Aug. 2 (Bloomberg) -- Warren Buffett’s Berkshire Hathaway Inc. posted second-quarter profit that beat analysts’ estimates as results improved at operating businesses including auto insurer Geico, railroad BNSF and the energy unit.
Net income surged 41 percent to a record $6.4 billion on gains from an asset swap with the former Washington Post publisher, Buffett’s Omaha, Nebraska-based company said yesterday in a statement. Operating earnings, which exclude some investment results, were $2,634 a share, compared with the $2,482 estimate of three analysts surveyed by Bloomberg.
A rebounding U.S. economy has boosted the value of Berkshire’s stock portfolio and helped propel growth at the dozens of companies that Buffett, 83, acquired during his four-decade tenure as chairman and chief executive officer.
“You basically are seeing the impact of a lot of economically sensitive businesses responding to an improving economy,” Cathy Seifert, an analyst at Standard & Poor’s Capital IQ, said in a phone interview. “There are a lot of moving parts here, and this quarter they all moved in the right direction.”
BNSF contributed $916 million to quarterly earnings, compared with $884 million a year earlier as revenue climbed from hauling industrial and agricultural products. The company said service levels were “well below our internal standards, as well as those expected by our customers” as the railroad works to untangle train tie-ups that were caused by surging volumes and harsh weather.

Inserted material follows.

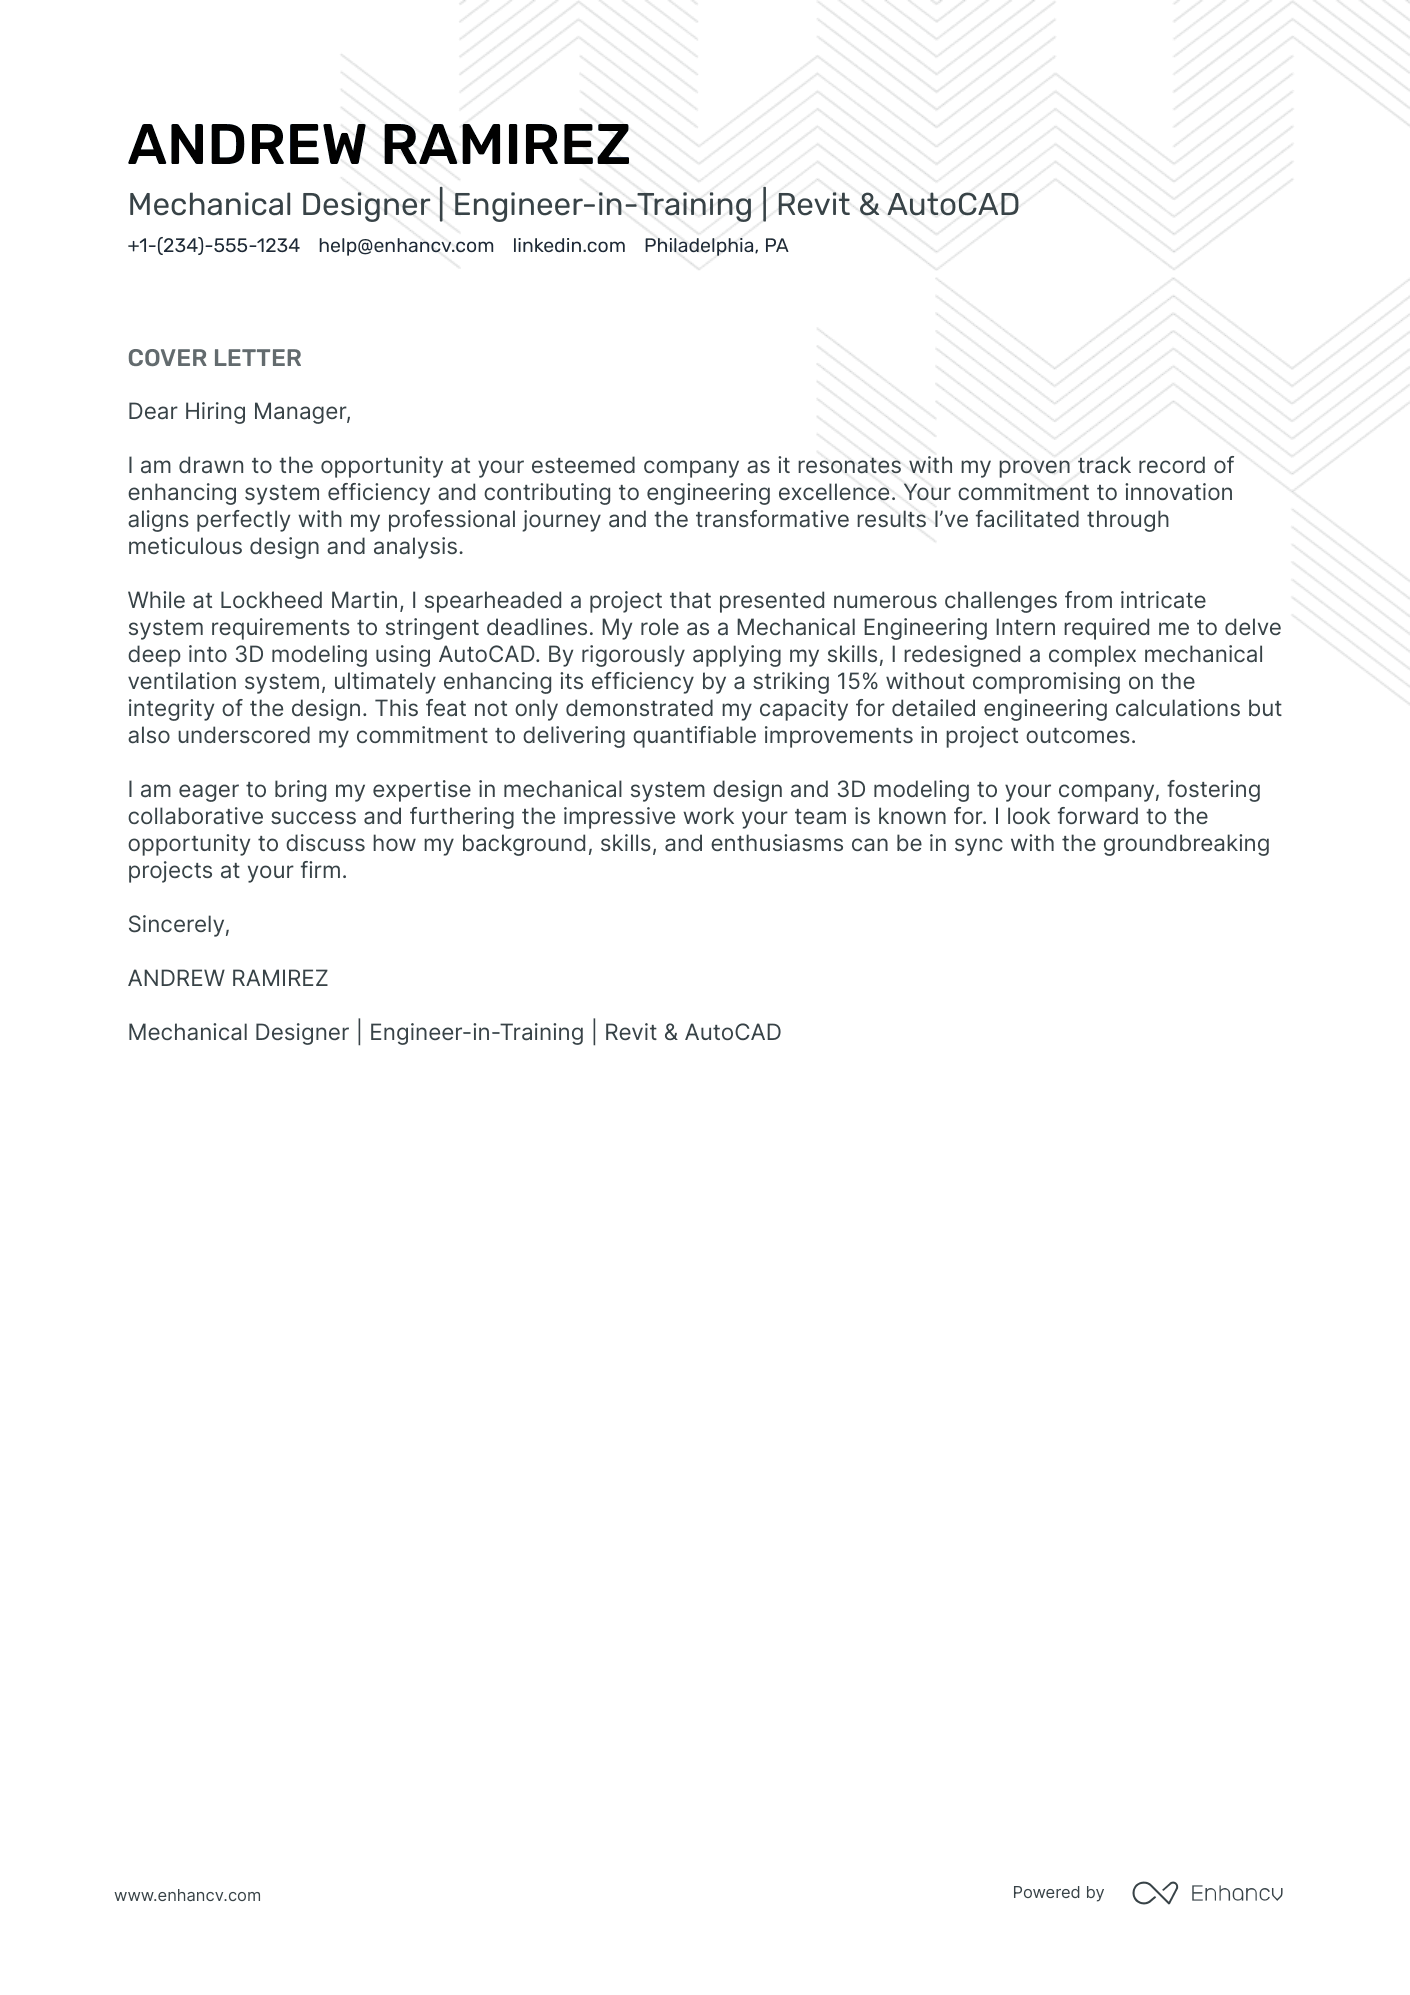 Engineer In Training cover letter
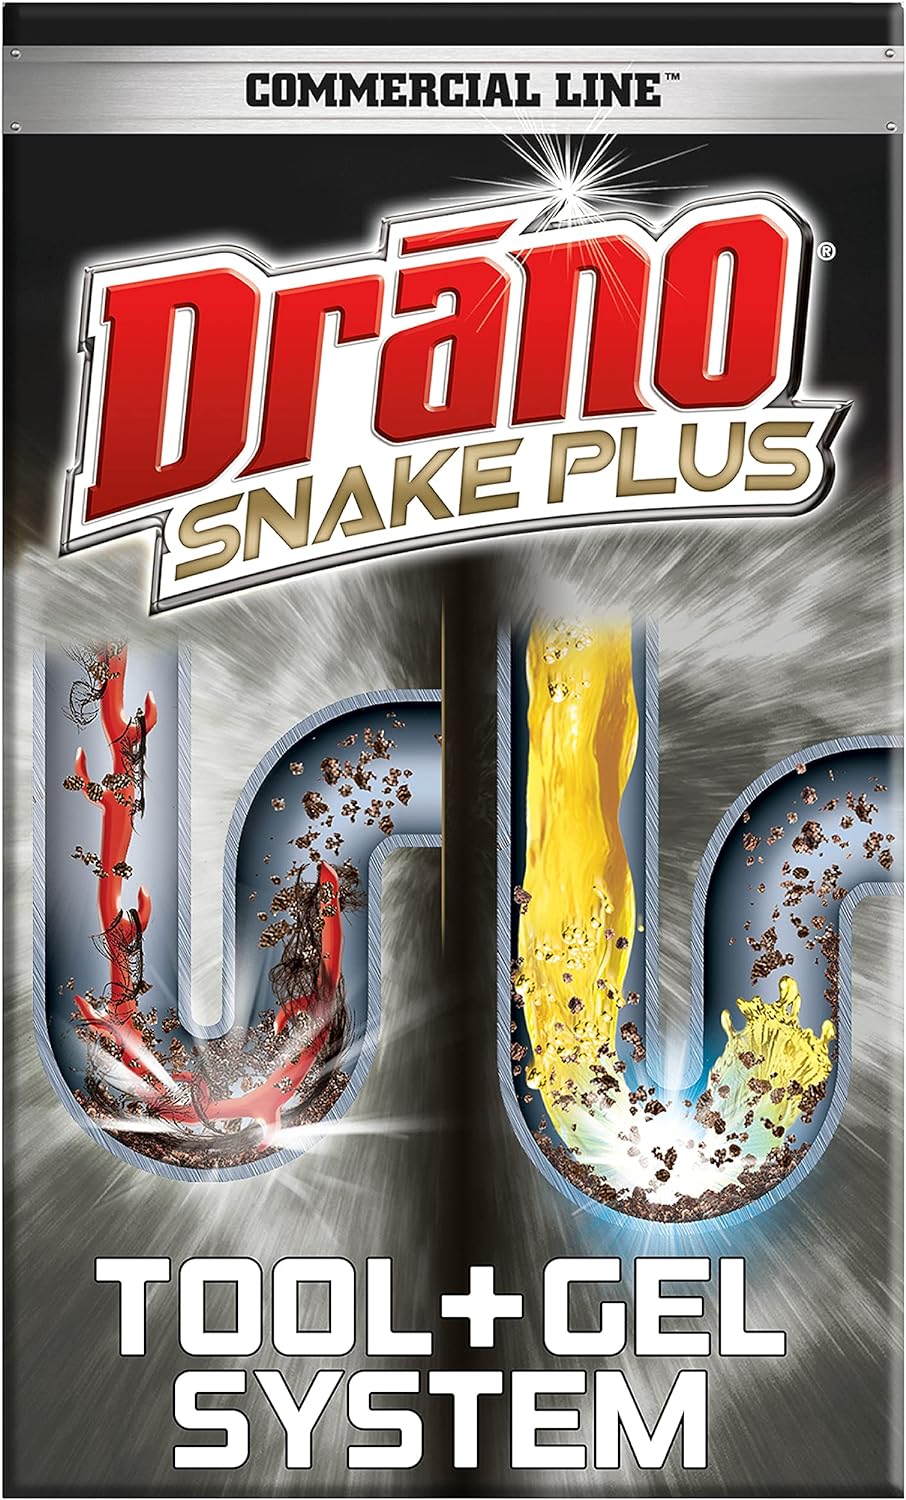 Drano Gel Drain Clog Remover and Cleaner 16oz and Snake Plus Tool 23 inches, Unclogs tough blockages, Commercial Line

The utility business, renamed Berkshire Hathaway Energy Co. in April, added $375 million to earnings compared with $279 million a year earlier. The increase was driven by the addition of NV Energy, Nevada’s largest electric utility, which Berkshire purchased in December.
The insurance segment posted an underwriting profit of $411 million, compared with a gain of $530 million a year earlier as results weakened at the reinsurance unit led by Ajit Jain. Geico’s pretax earnings climbed 17 percent to $393 million.
Profit from manufacturing, service and retailing units increased to $1.26 billion in the first quarter from $978 million in the same period in 2013. The group of businesses includes chemical company Lubrizol; Marmon Holdings, a manufacturer of construction materials; and Fruit of the Loom, which makes underwear and other clothing.
U.S. companies are reporting higher profits, consumer spending is picking up and the job market is strengthening as the country rebounds from the 2008 financial crisis. The gross domestic product rose at a 4 percent annualized rate in the second quarter, bouncing back after winter weather contributed to a contraction in the first three months of the year.
Those trends stand to benefit Berkshire. Most of the businesses Buffett has bought over the years are based in the U.S. and the largest equity holdings -- like Wells Fargo & Co. and Coca-Cola Co. -- are American.
Berkshire’s stock portfolio was valued at $119.2 billion on June 30, up from $118.5 billion at the end of March. Cash climbed to a record $55.5 billion.
Net income in the quarter benefited from a $2.06 billion gain on derivatives and investments. In June, Buffett exited most of his stake in Graham Holdings Co. after the former publisher of the Washington Post sold its newspaper to Amazon.com Inc. founder Jeff Bezos.
Berkshire turned over more than $1 billion in Graham stock in a deal structured to avoid incurring taxes on shares that had risen more than 100-fold since he bought the them in the 1970s. In return, Graham turned over cash, a Miami television station and Berkshire shares.
The previous quarterly record net income was also fueled by investments. In the fourth quarter of 2005, a $5.13 billion profit was driven by Buffett’s holding in Gillette Co. after it merged with Procter & Gamble Co.
Buffett has long told investors that such one-time gains aren’t relevant to understanding Berkshire’s operating results or economic performance.
Berkshire’s Class A shares have risen 6.4 percent this year in New York to $189,279, beating the 4.2 percent gain in the Standard & Poor’s 500 Index. Book value, a measure of assets minus liabilities, was $142,483 a share as of June 30.